There is a fear in Peace Corps that if we give someone something, they will forever depend on Americans to hand stuff over to them. I usually refrain at all costs from setting this precedent. Yet, my refrigerator is full of gifted bananas that will surely go bad before I get the chance to overdose on Potassium. Last night I made the mistake of eating dinner before I visted 3 families and then had to eat 3 more... Which leads me to the lady who fixes my clothes for free. After the 4th reparation to my pants, I reeeeally feel like I should be paying. A couple days ago I walked through the community with just books in my bags and walked home with a brand new bottle of Avon lotion, half-full bottle of body oil and a tube of antibiotic cream. Maybe its because I have bug bites, cuts, scrapes, scabs and unidentified marks forming a Connect-the-Dots puzzle from a Highlight´s magazine on my legs... and a likely staff infection on my foot...but still.
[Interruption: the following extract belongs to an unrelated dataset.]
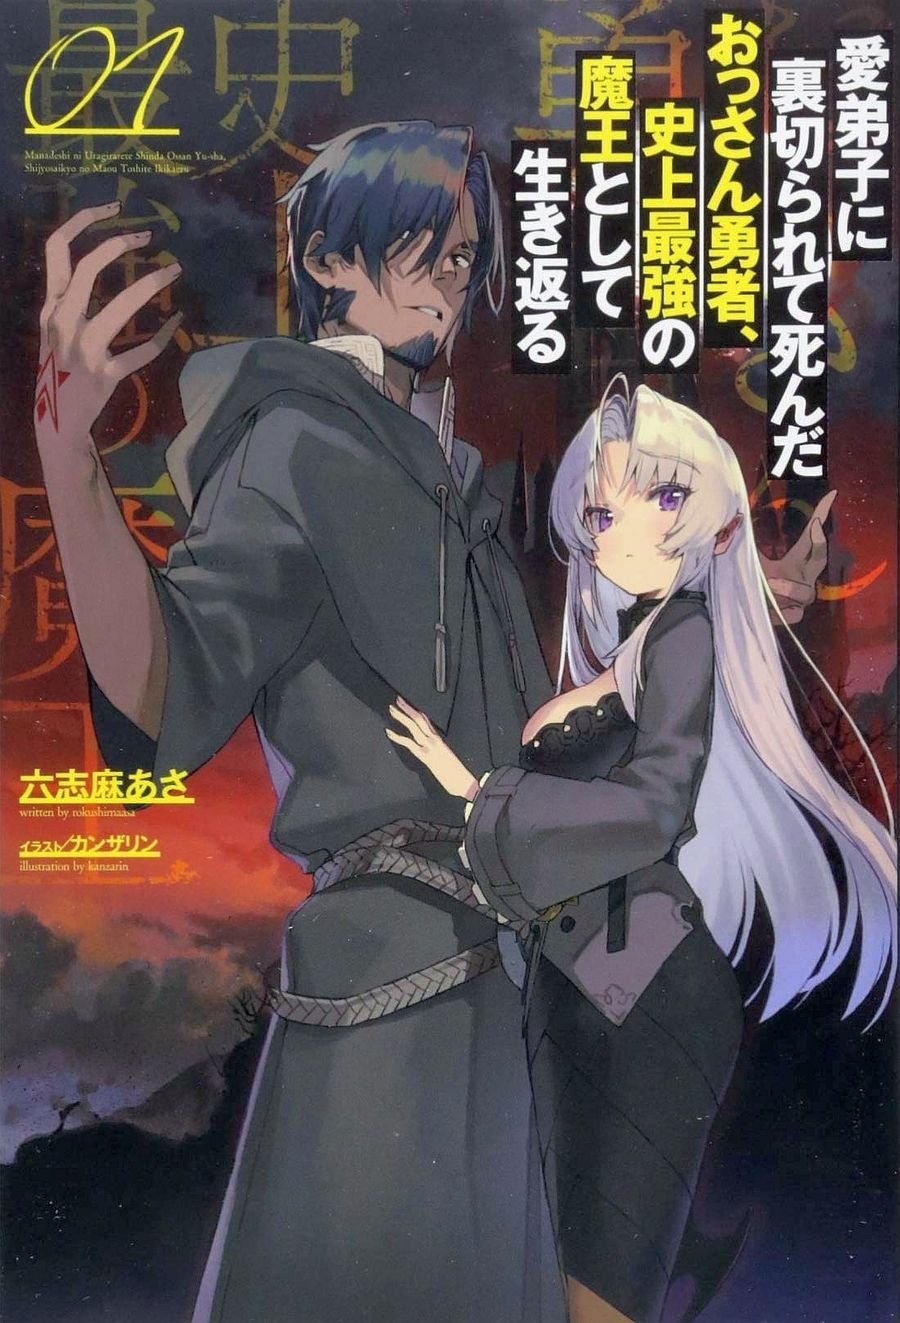 Isekai Shoukan wa Nidome desu  Light Novel

There is an ever present knot in my gut that grows everytime I see a soda can tossed out the window. My curiosty about the wire man is still there but the lift in my eyebrows has subsided. I am very careful about the choice and usage of plastic bags... and readily accept any gift that comes in them, as long as I make a mental note of their name and repay them with a smile and promise of future visitation.

There was a spider sitting on the wall by my ¨kitchen¨ for the past 2 weeks. My first 2 weeks in this house, I beat with my shoe everything that moved, which more often than not turned out to be a leaf. But this guy was different. I had grown so accustomed to the spider watching me peel potatoes that I didn´t want to kill it. But it wasn´t the most pleasant sight to eat my breakfast next to. So, when it would get too close for comfort, I would slap the wall below it...sending it scurrying up to the window. But sure as the exponentially increasing mosquito bites on my body, the spider would be there the next morning. Last night I walked into my house and stopped at the wall by the kitchen. The spider was gone and in its place a little scorpion. Him, I didn´t have a problem wailing with my shoe. This morning, the wall was bare. I was eating some cereal topped with rotten banana and I turned to the barren cinder blocks.

I missed the spider.

There are things about this country that I will never understand. There are things I have accepted. And there are things I have come to love. That parts my favorite.